To elucidate the mechanisms by which IL-1β upregulates L-PGDS expression, we evaluated the roles played by downstream signalling cascades using specific pharmacological inhibitors. We found that JNK and p38 MAPK inhibitors blocked IL-1β-induced L-PGDS upregulation, whereas an inhibitor of the ERK MAPK was without effect. We also found that NF-κB blockade caused a significant decrease in IL-1β-induced upregulation of L-PGDS protein expression. These findings support the hypothesis that the JNK and p38 MAPKs as well as the NF-κB pathways are involved in the upregulation of L-PGDS expression by IL-1β. Our results are concordant with previous reports that implicate activation of MAPKs (JNK and p38) and NF-κB in the upregulation of L-PGDS in leptomeningel cells [55], endothelial cells [56], and macrophages [57]. The activation of JNK and p38 MAPK and of NF-κB pathways in chondrocytes has been shown to cause activation of their downstream transcription factors, including activation protein-1 (AP-1) and NF-κB [3135]. Interestingly, the promoter region of the human L-PGDS contains binding sites for NF-κB and AP-1 [55, 56]. Therefore, one could speculate that upregulation of L-PGDS expression by IL-1β could be mediated by AP-1 and NF-κB. Our results also demonstrate that the Notch signalling pathway positively contributes to IL-1β-induced L-PGDS expression in chondrocytes because DAPT, a Notch signalling inhibitor, blocked this process. These findings contrast with previous data showing that the Notch pathway downregulates L-PGDS expression in the brain-derived TE671 cells [37]. The reasons for these discrepancies are presently unclear but are most likely due to cell-type differences or to differences in experimental conditions.

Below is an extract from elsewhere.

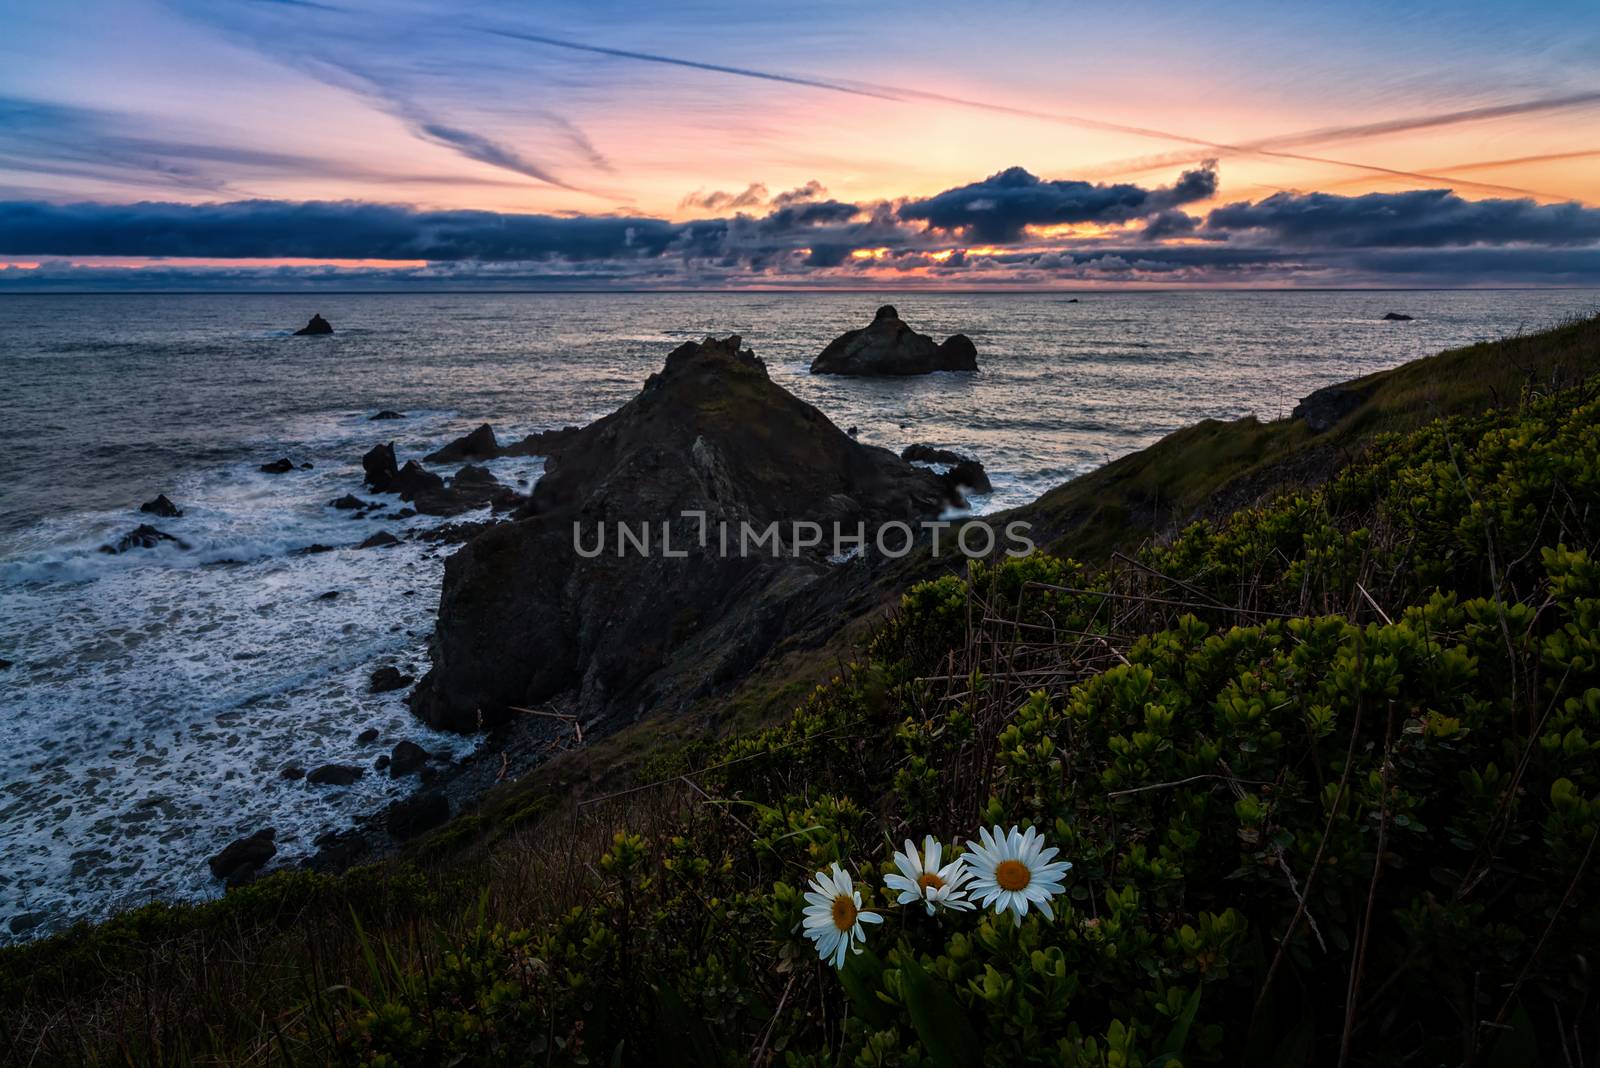 A Seascape Sunset in Humboldt County, California by backyard_photography

We also found that PGD2 inhibits IL-1β-induced L-PGDS expression. These results suggest that PGD2 may exert a negative feedback mechanism to downregulate L-PGDS expression and activity. Given that the levels of L-PGDS are elevated in OA cartilage and that IL-1β upregulated its expression in chondrocytes, it is possible that the IL-1β effect prevails over that of PGD2 in vivo during advanced stages of the disease. Indeed, the OA cartilage specimens used in this study were from donors with long-established OA. Further studies are clearly warranted to determine the expression profile of L-PGDS over the course of OA in animal models of the disease.

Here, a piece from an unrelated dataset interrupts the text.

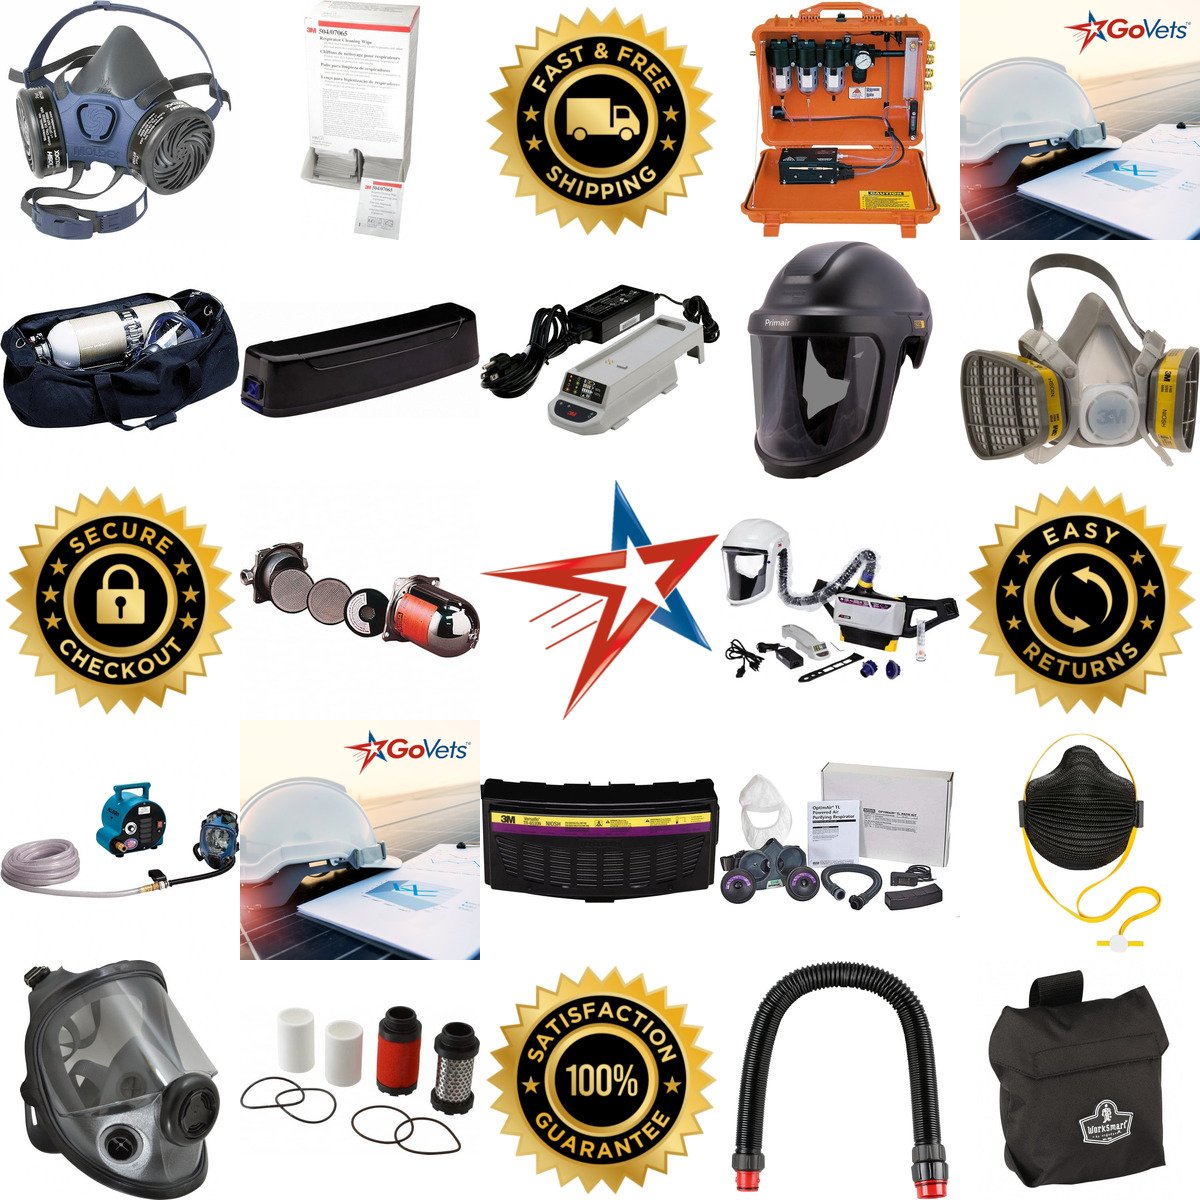 A selection of Respiratory Protection products on GoVets

The concentrations of PGD2 used to suppress IL-1β-induced L-PGDS expression are likely to be much higher than those produced in synovial fluids. However, it should be noted that, like other eicosanoids, PGD2 functions as an autocrine and paracrine molecule and can readily reach pharmacological levels in the microenvironment of cells that produce it.

Conclusion

Our study has demonstrated for the first time that L-PGDS is upregulated in OA cartilage. The proinflammatory cytokine IL-1β may be responsible for this upregulation via a mechanism that seems to involve the activation of the JNK and p38 MAPK and NF-κB signalling pathways. These results suggest that the increased expression of L-PGDS may play a protective role against articular inflammation and cartilage damage.